Regardless, the point remains: The Central Park Five is a wonderfully vital, illuminating study of the New York of 20-plus years ago, capturing with nauseating detail how a panicked society was ready and eager to pillory five teenagers as a way of proving to themselves that the urban decay all around could be fought and contained by sufficiently willful actions. That's really the subtext, and even the text, to all of the remarkable footage and newspaper headlines the filmmakers dredge up: stuff like mayor Ed Koch raving about how wonderful it is to utterly destroy wrongdoers with extreme prejudice, in language that would be disgusting from the head of civic government even if the five young men were genuinely guilty; stuff like the exuberantly blood-lusting newspapers of the day that don't make even a feint towards hiding their race-baiting mentality.

If only for its ability to draw this macro-level depiction of how the most important city in the Western World was mired in such paranoid fear of violence, and thuggish endorsement of racially-tinged solutions to that violence, The Central Park Five would be a great documentary; but that's only the background information, the context necessary to understand the human story which is the movie's main subject, and the focus of its rage; not against a culture in which this kind of behavior is possible, but against the culture in which this happened. While the Burnses and McMahon can be legitimately accused of sugarcoating their subjects a little bit - while nobody could rationally claim they were guilty of the crime for which they were convicted, it's just as clear that they, and the larger group they were a part of, were up to antisocially rambunctious things on that fateful night - the movie isn't looking to exonerate or justify the Central Park Five, but to simply look at them as human beings like any of us who suffered through a years-long nightmare for no good reason at all; the pawns in a truly Kafka-esque maze of inscrutable officials re-writing reality on the fly, leading the suspects to sign off on blatantly falsified confessions. The largest single part of the movie, in fact, deals not with the innocent's life in prison, or the difficulty in re-adapting to outside life, or even to the trial, but to that first couple of days, in which the police ground the kids down until they said whatever needed saying to get out and get back to normal.

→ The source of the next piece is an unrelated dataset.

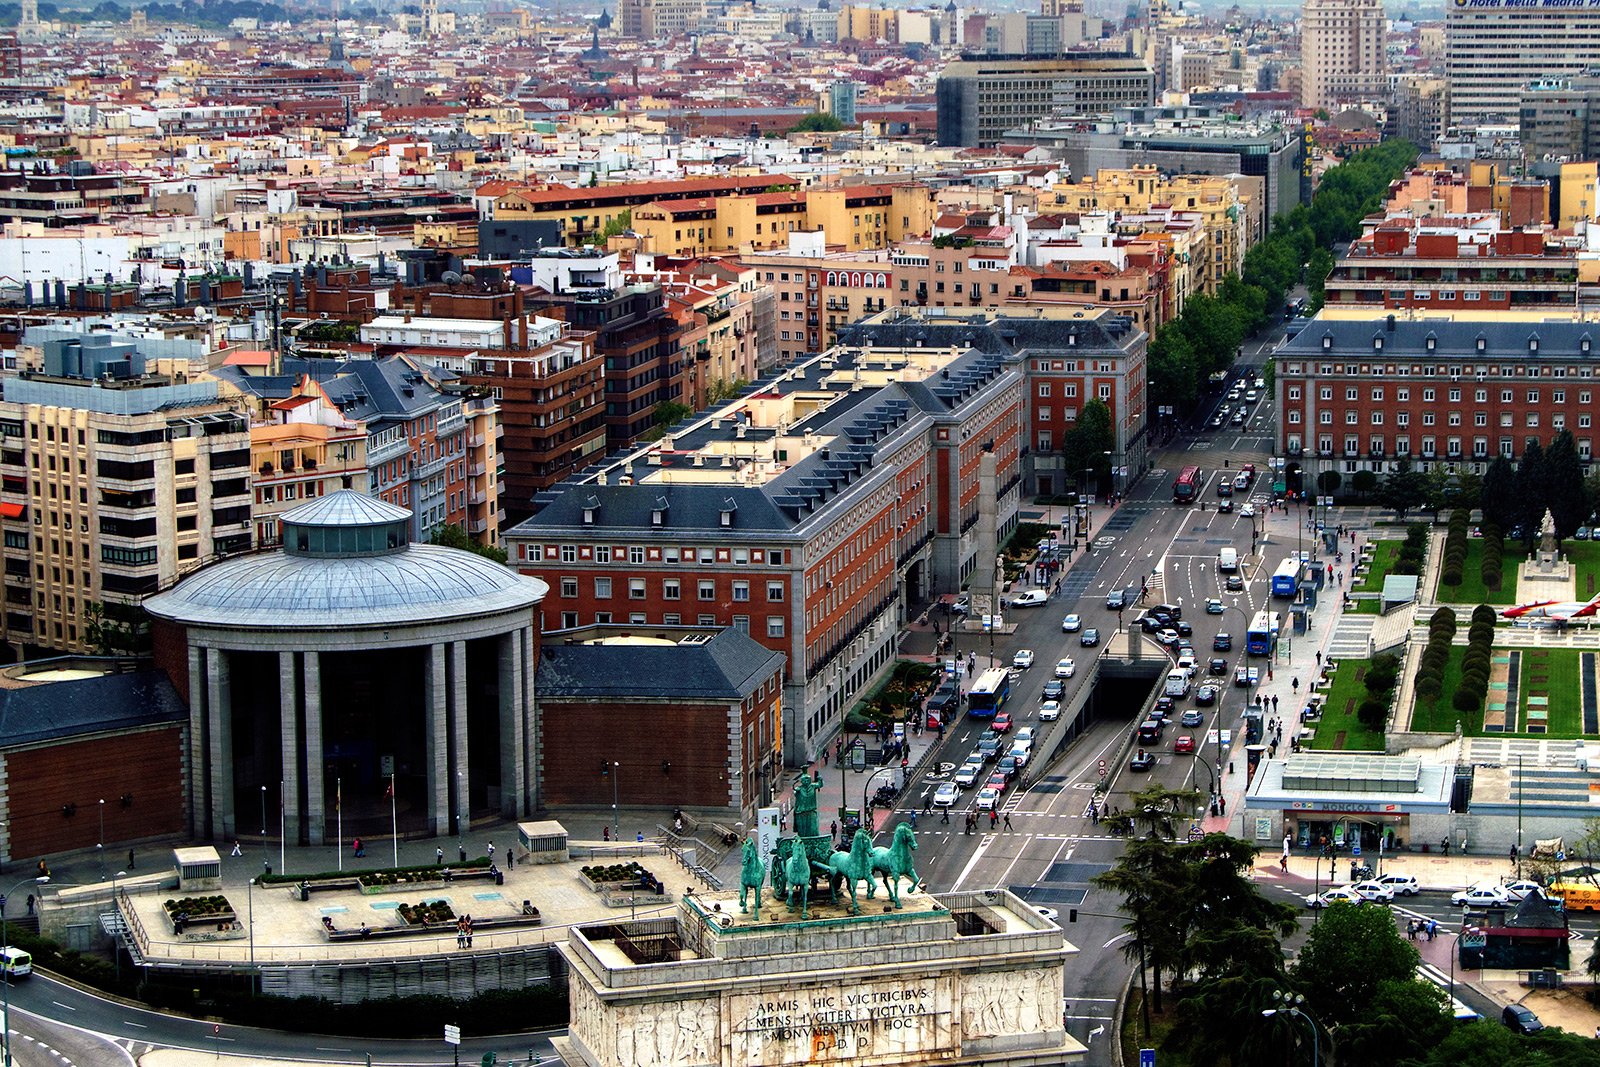 How to get on the top of the Lighthouse of Moncloa in Madrid
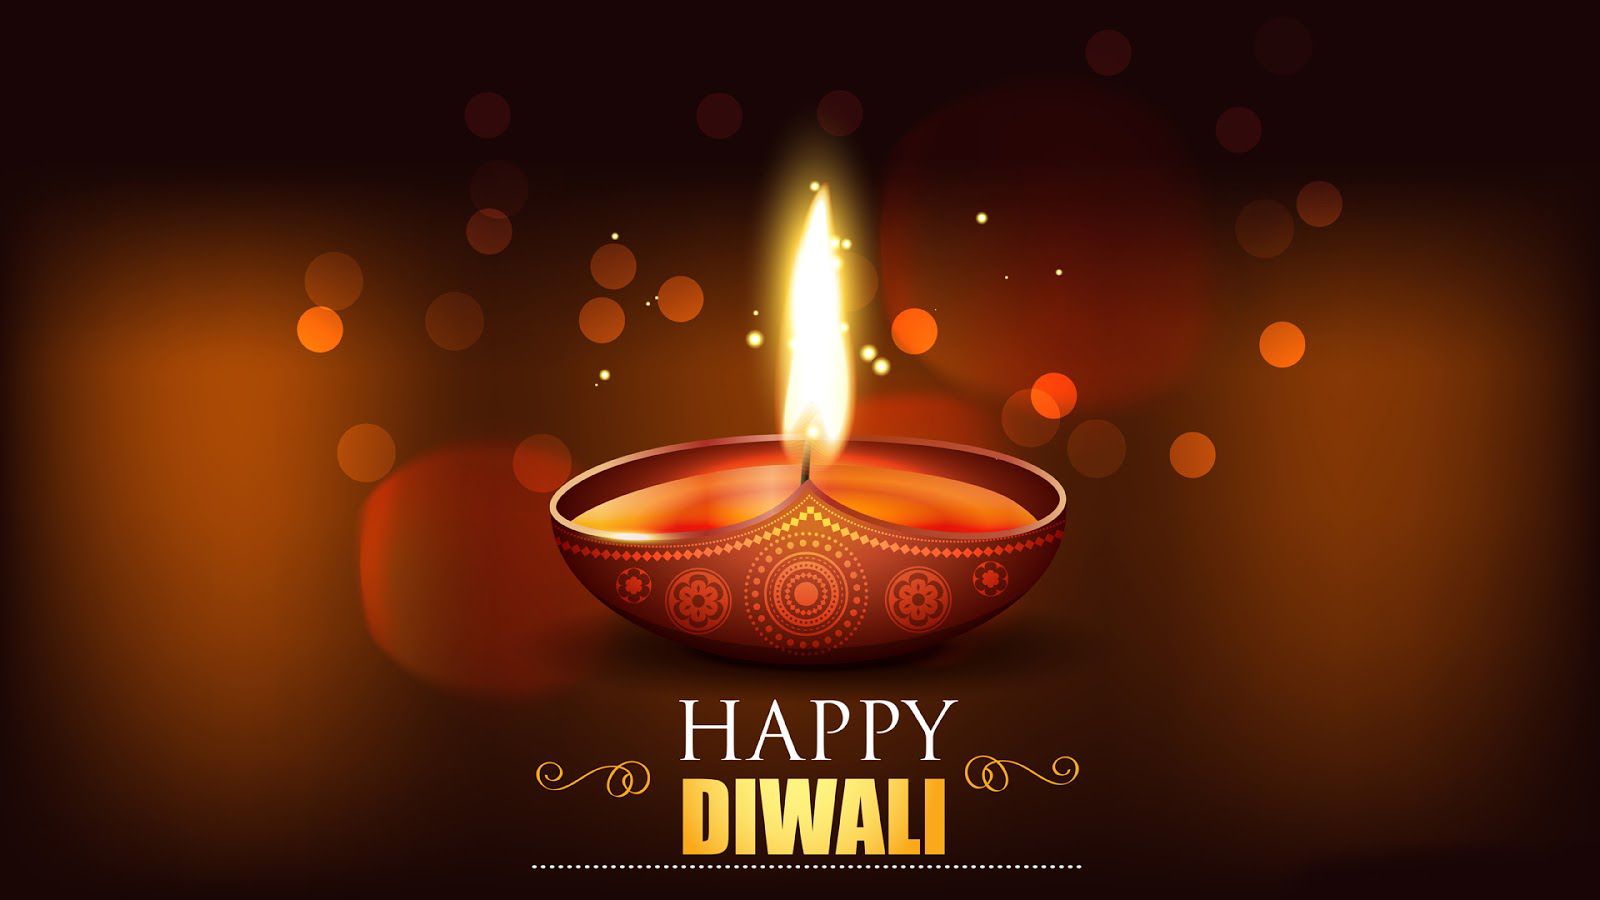 Happy Diwali Status in English for Boyfriend Happy Diwali Status for Girlfriend in English Happy Diwali Status in English for Facebook Happy Diwali Status for Whatsapp Happy Diwali Status for Husband Wishing you a Happy Diwali Status for Wife Best Status on Happy Diwali for Friends Two Line Status on Happy Diwali for GF / BF One Line Short Status on Happy Diwali for Him / Her 1000+ Happy Diwali Status in English for Whatsapp Get the Best Collection of Happy Diwali Status in English for Whatsapp & Facebook only at Updatepedia.com. Send Wishing you a Happy Diwali Status for your Loved ones.

That, in fact, is the theme that underlies everything else: the five youths, their persecutors in the government and the press, the citizenry that gratefully allowed this railroading to take place, all just longed above all, for a return to normalcy, and all involved made terrible mistakes in that pursuit. It's that element especially that makes The Central Park Five such a piercing, insightful work, even years after it could have reasonably been said to do any proper good (it may or may not have been intended as an advocacy piece for three of the five's suit against New York; that question is at the heart of a subpoena against the filmmakers currently in process): the film isn't just illustrating a miscarriage of justice, but depicting that miscarriage in a way that can be instantly understood by anyone with a heart. It puts a human face on the abstraction of "wrongful imprisonment" that, if it calls for an action at all, mostly asks us to think more closely about the fact that this sort of injustice still happens all the time, in a country that isn't all that more sane about race than we were two decades ago. It's a bit stiff in the filmmaking but this is an intelligent and moving a social-studies piece as I've seen in many a long month.